Hofstadter explains how this view has long been established in our history, reaching a climax in the twentieth century with Franklin Roosevelt's New Deal, whose clear objective, the paranoids would have you believe, was to undermine capitalism, to bring the economy under the direction of the federal government, and to pave the way for socialism and communism. (Can't you see it?!)

The paranoid mindset chooses whatever issues suit it best. For example, the United Nations, has long been a lightning rod: "the principal instrument of a gigantic conspiracy to control the foreign and domestic policies of the United States, subvert the Constitution, and establish a totalitarian society" (Chesly Manly, The Twenty Year Revolution: From Roosevelt to Eisenhower, Chicago, 1954). Yes, even Republican President Dwight Eisenhower and his Secretary of State, John Foster Dulles, become Communist dupes, if not actual agents, in the eyes of the fundamentalist right wing of fifty years ago. Obviously, we needed to be rescued from alien forces then.

And what about now?

We see a similar paranoia in statements from Sarah Palin and Michele Bachmann -- and on a range of so-called issues. The Republican leadership in Congress is usually less strident, but they use "issues" in the same way.

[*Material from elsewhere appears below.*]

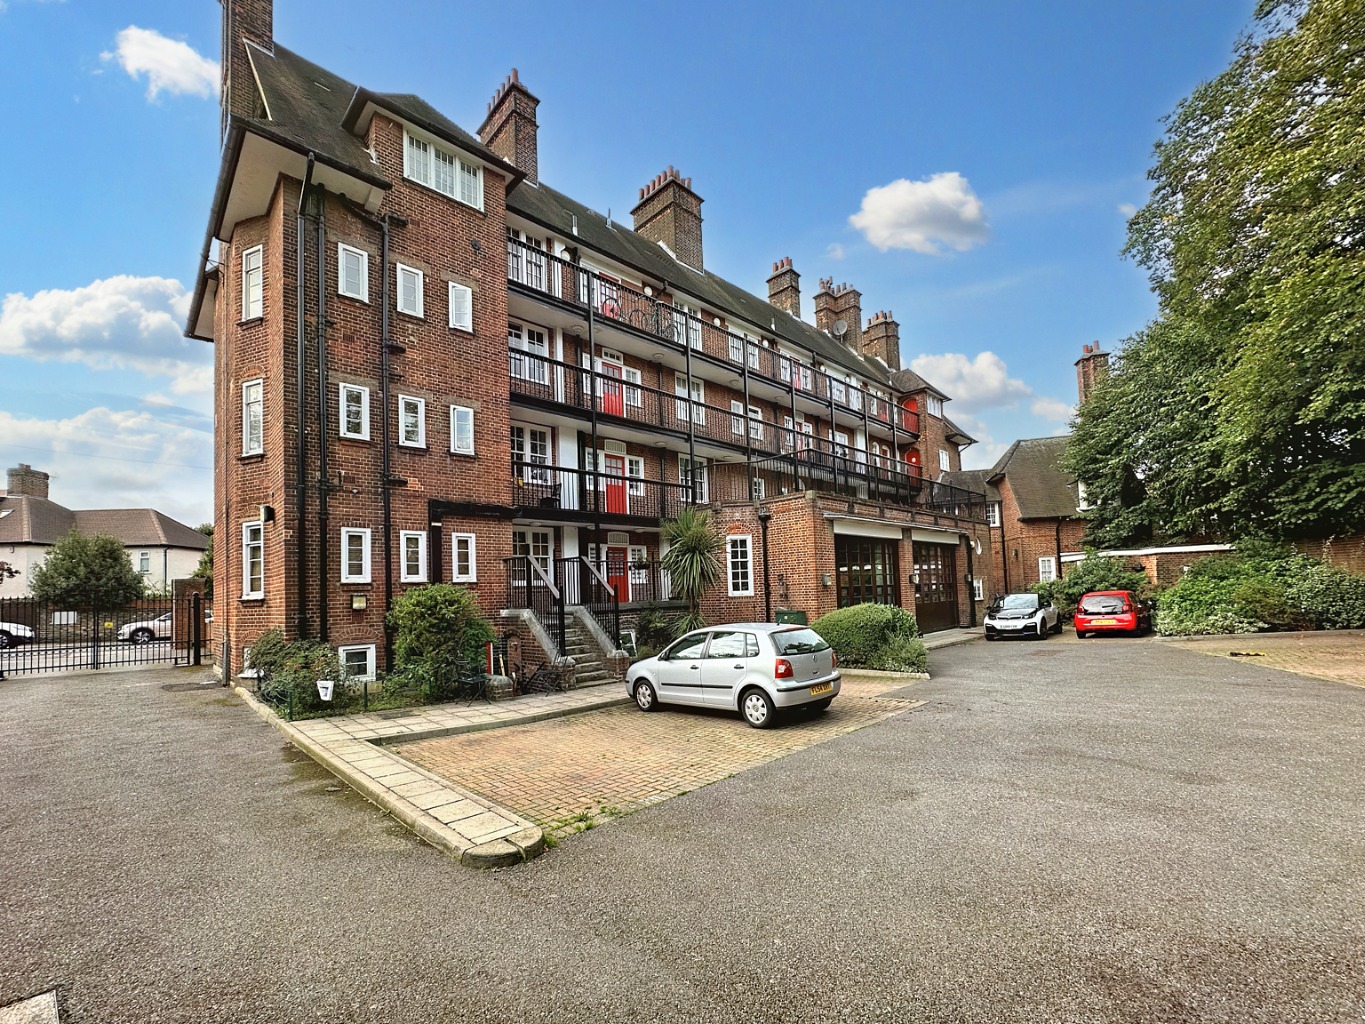 2 bed flat for sale in Eaglesfield Road, London - Property Image 1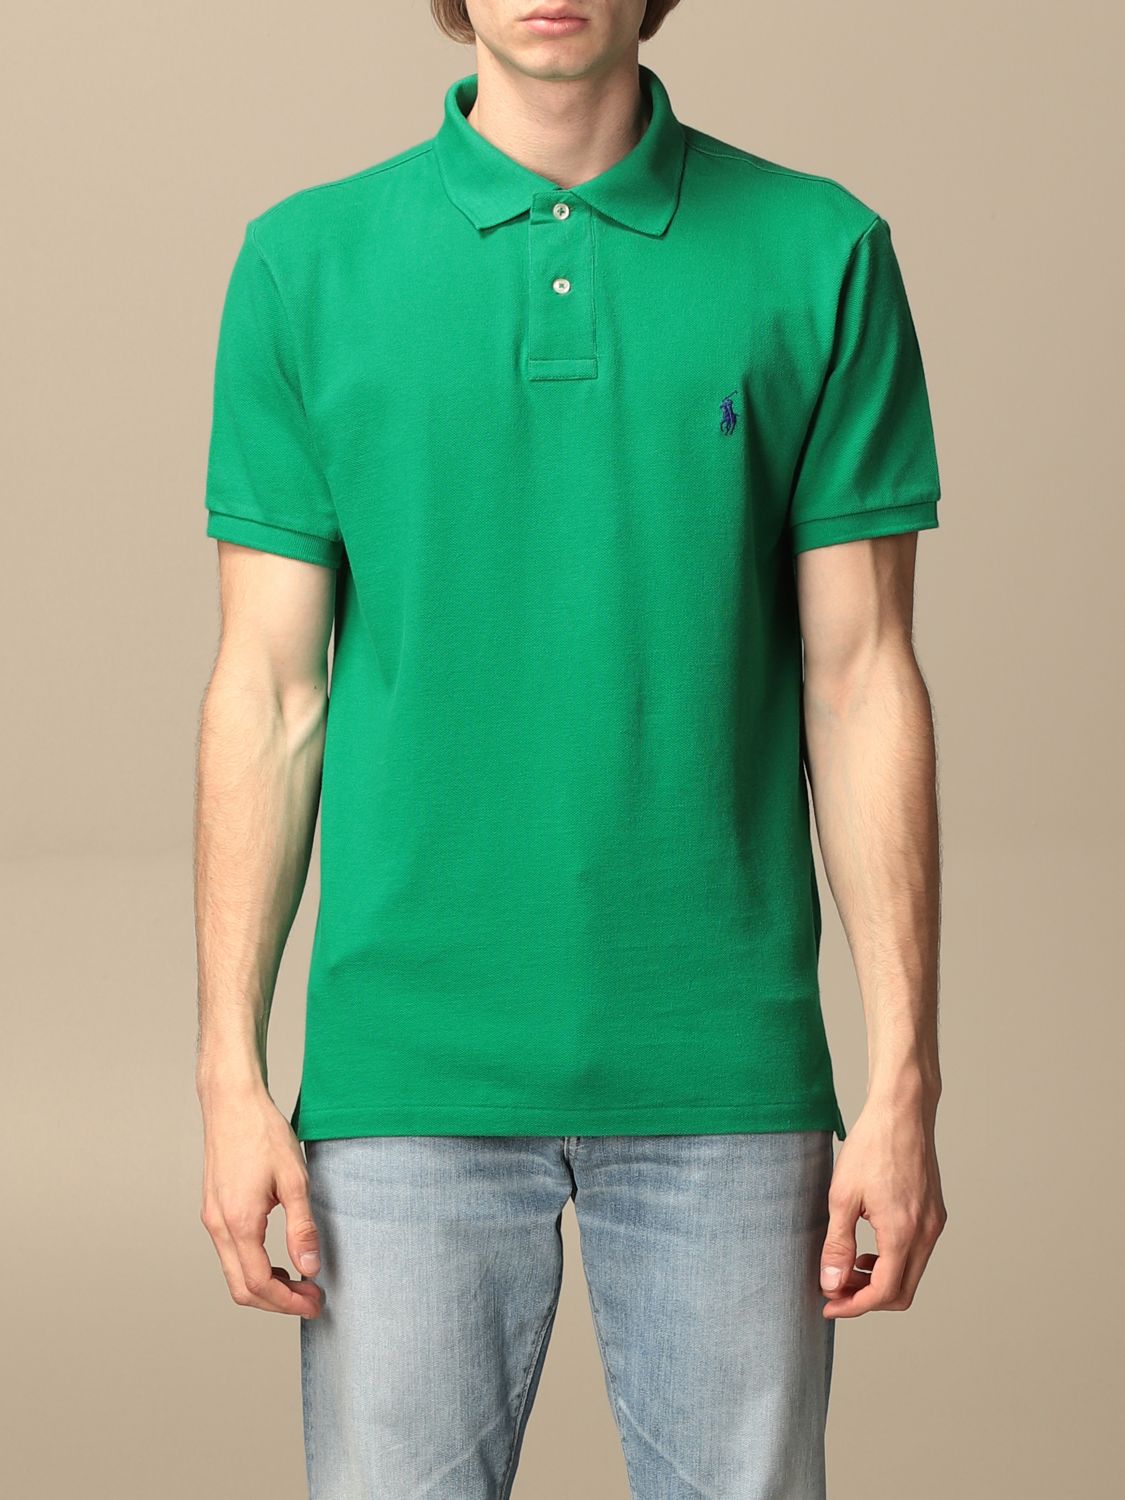 Polo Ralph Outlet: slim fit cotton polo shirt - Green Polo Ralph Lauren polo shirt 710795080 online GIGLIO.COM

Since they are elected to leadership positions by their Republican colleagues in Congress, a political party dominated nationally by its extreme right wing, what else should we expect?

In almost all the democratic systems I have observed in Western countries, there seems to be fifteen or twenty percent of the electorate that is susceptible to political leaders -- demagogues -- who cater to the paranoid style and appear to be instinctively adept at it.

Every now and then, usually due to prolonged economic and social instability, the percentage jumps to a majority of voters, resulting in fascist-like forms of elected government that parade chosen objects of hostility (usually identified racially, religiously, ethnically, or culturally for they are the easiest to identify).

Americans have generally turned their backs on third parties. I recall the fate of the parties supporting George Wallace and Henry Wallace in 1948. In 1936, if Huey Long had not been assassinated the year before, my guess is that FDR would have been pitted against a similar grouping of left and right reactionaries formed into a third party to protest against Roosevelt's leading us down the road to socialism or not handing out $200 a month to every American over the age of sixty (the Townsend Plan). And, because the Great Depression was still affecting "one third of America," as FDR admitted in his 1937 inaugural address, under Sen. Long's leadership, a third party might have performed well at the polls.

These thoughts bring me to 2012 and our next presidential race, which has already begun in earnest. Will a split between the very far right wing and the very, very far right wing explode at the Republican Party's nominating convention, and a third party emerge? Or, will the Republican leadership be clever enough to paper over their party's differences (indeed, the split may not be that wide!) and nominate a "compromise" slate that could save the party from the kind of defeat they suffered in 1912 when Theodore Roosevelt's "progressives" formed a third party and pushed the Democrat Woodrow Wilson into the White House?

I see a real fight coming at the Republican convention, one which may be so deep and hostile that issues such as that of President Obama's racial and religious identity may be thrown down for all to see. Television will, of course, play a large part in covering the "goings on" of the nominating process. And what about the protesters outside the convention hall? It should be fun to watch!

Unfortunately, Hofstadter has not written about such a scene, but if asked today, he might respond with a quirky smile and say: "Well, what did you expect from a crowd in a crowded auditorium suffering from that mindset?"